» **THE DATA**:
◇ ◇ ◇ ◇ ◇

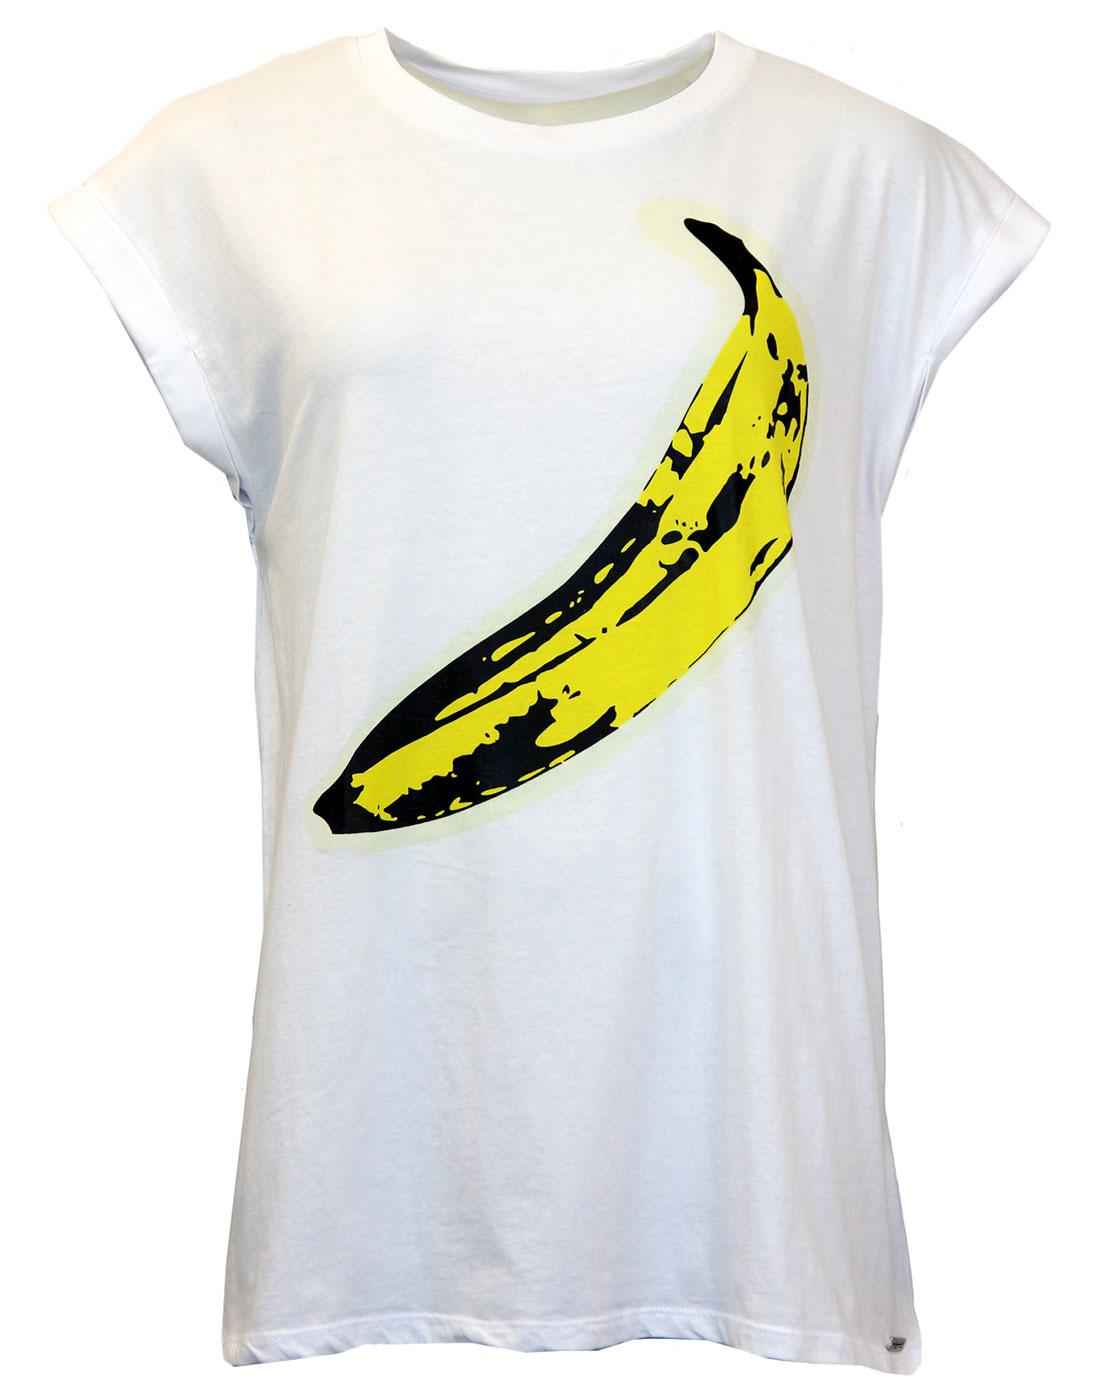 Split ANDY WARHOL Retro Pop Art Banana Print Top
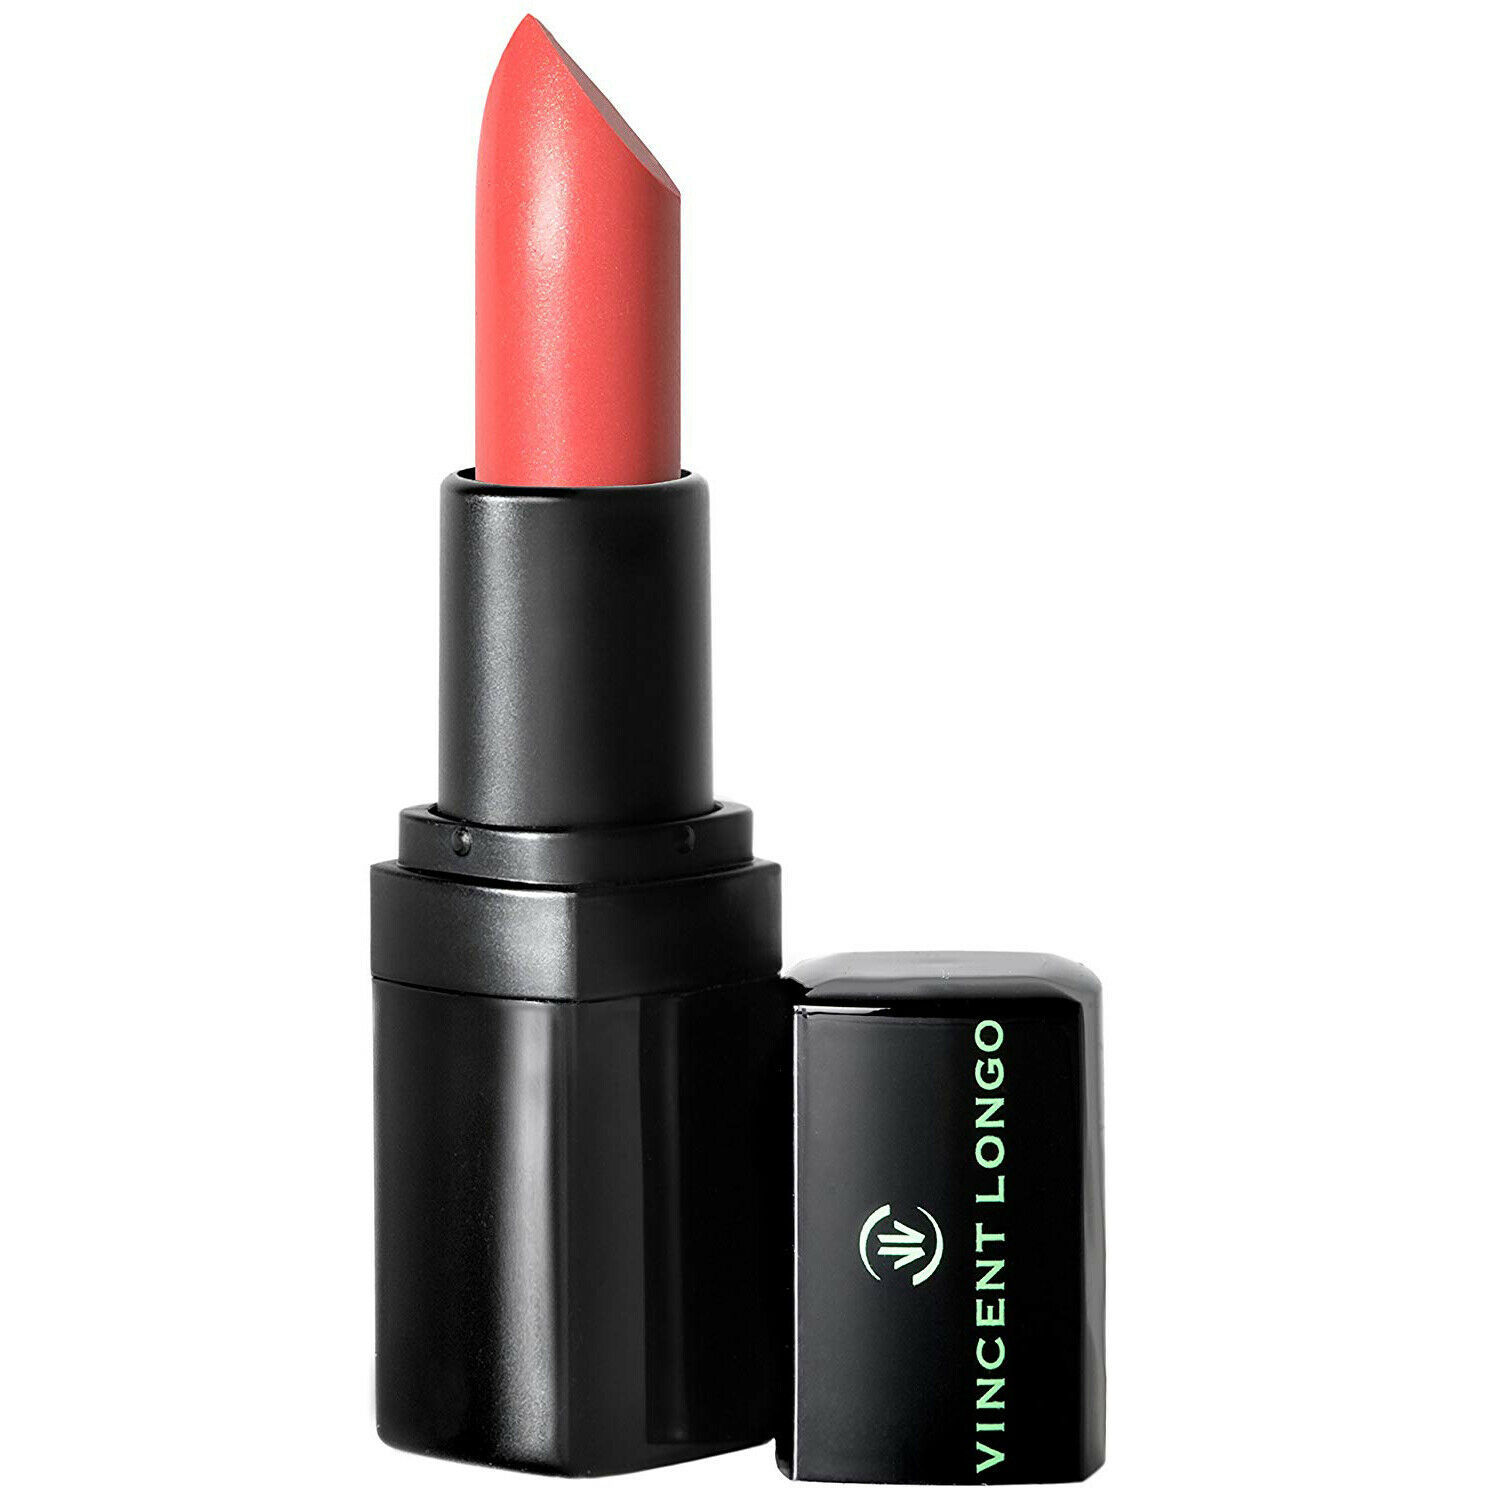 Vincent Longo Sheer Pigment Lipstick .12 oz / 4 g - Chroma (Coral) - $8.99
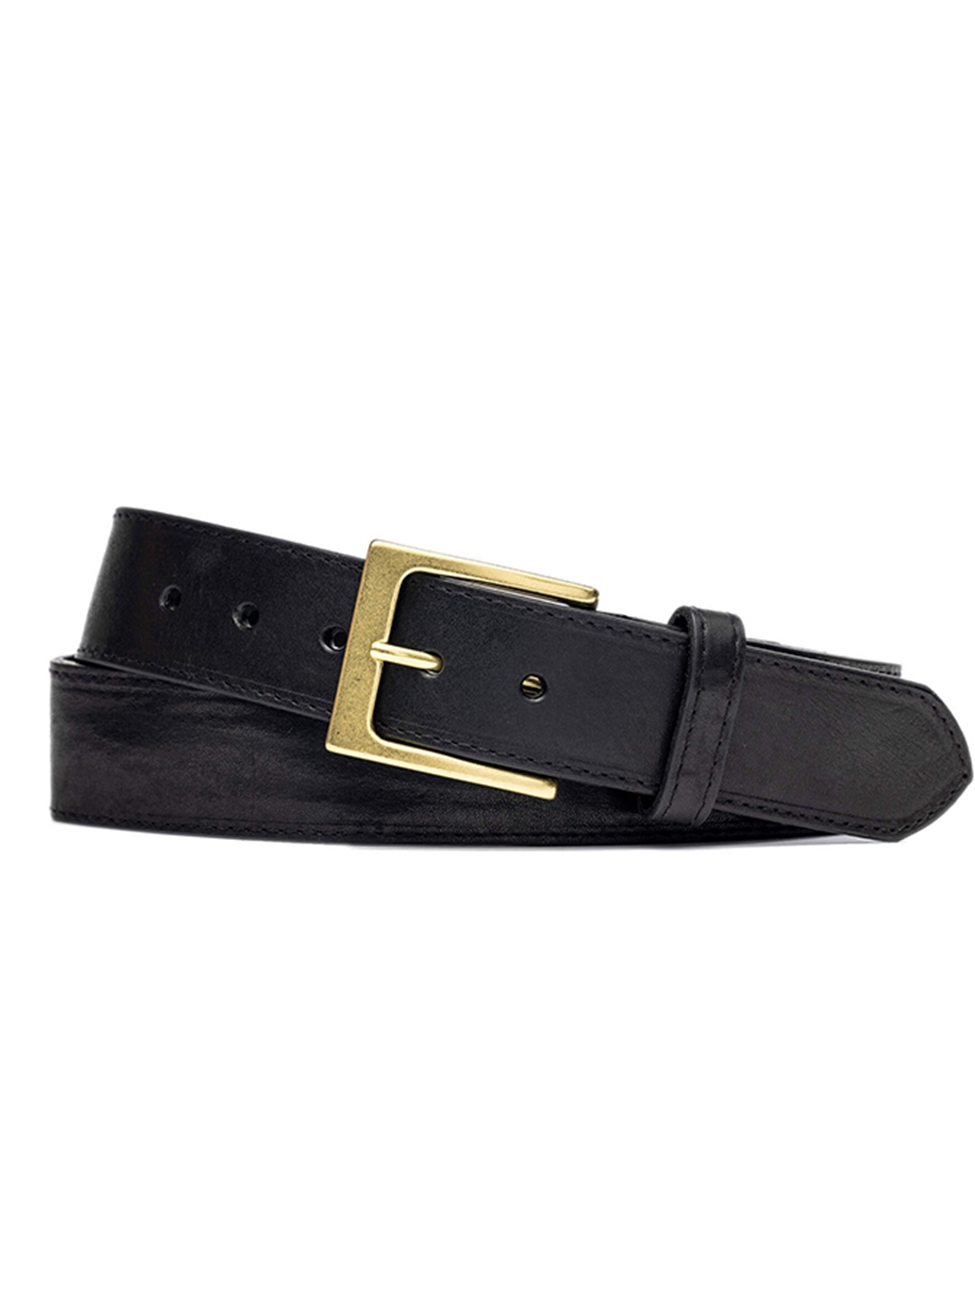 Black Vintage Leather With Natural Brass Buckle Belt, W.Kleinberg Calf Leather  Belts
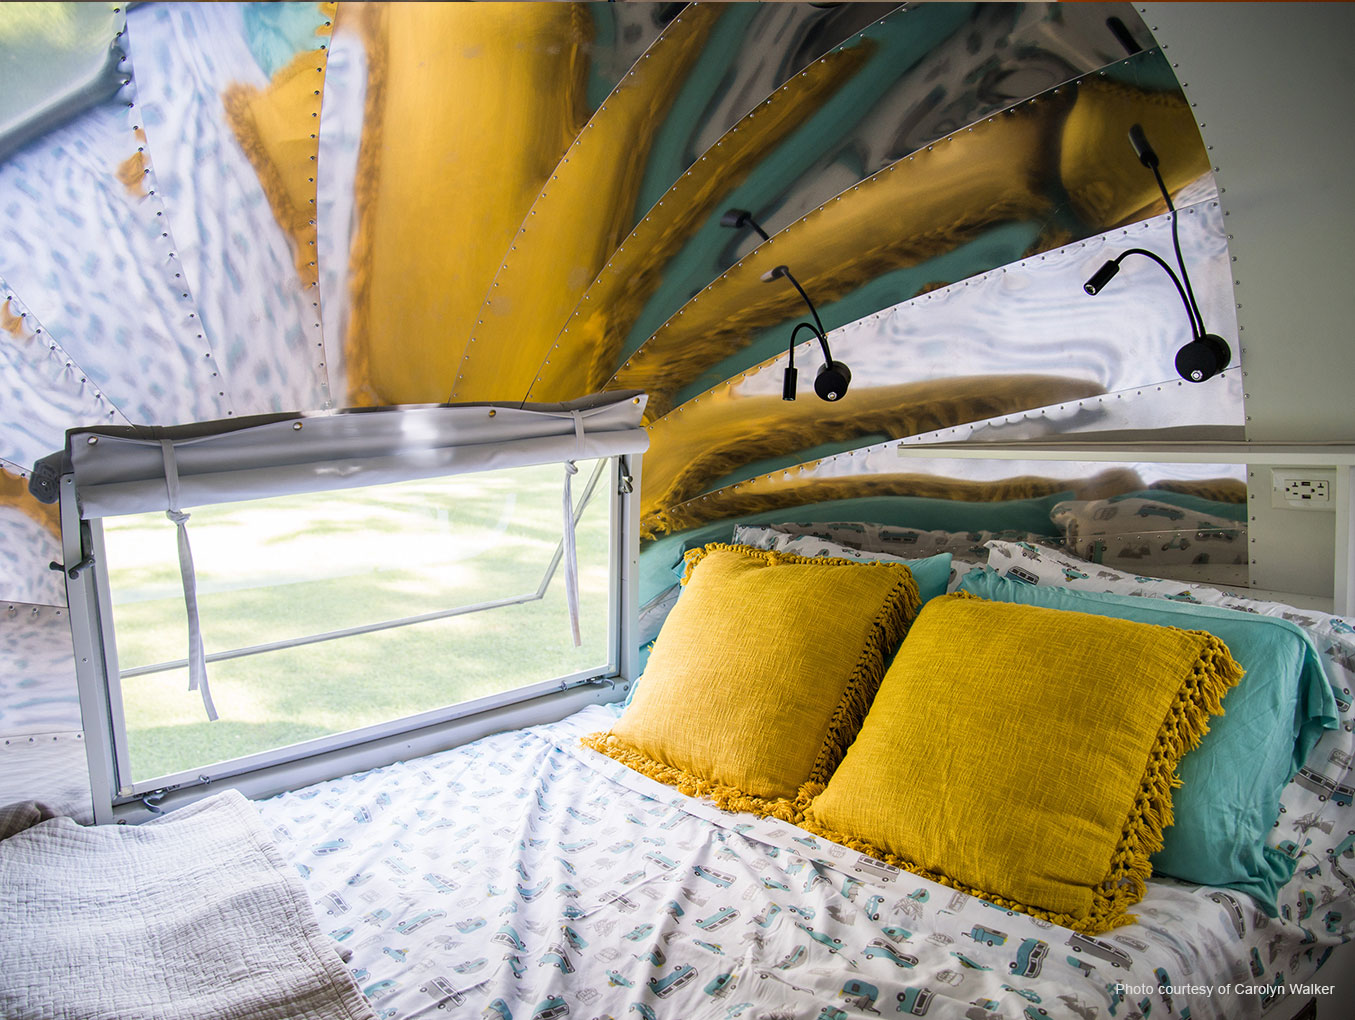 Airstream Overlander bedroom with shiny aluminum endcap

◇ ◇ ◇ ◇ ◇

Reproduce exactly the lines from the one with "Vincent Longo Sheer" to the bottom of the listing, both ends included, and nothing else. Skip the pictures.

» **RESPONSE TO THE TASK**:
 Vincent Longo Sheer Pigment Lipstick .12 oz / 4 g - Chroma (Coral) - $8.99
 Black Vintage Leather With Natural Brass Buckle Belt, W.Kleinberg Calf Leather  Belts
 Airstream Overlander bedroom with shiny aluminum endcap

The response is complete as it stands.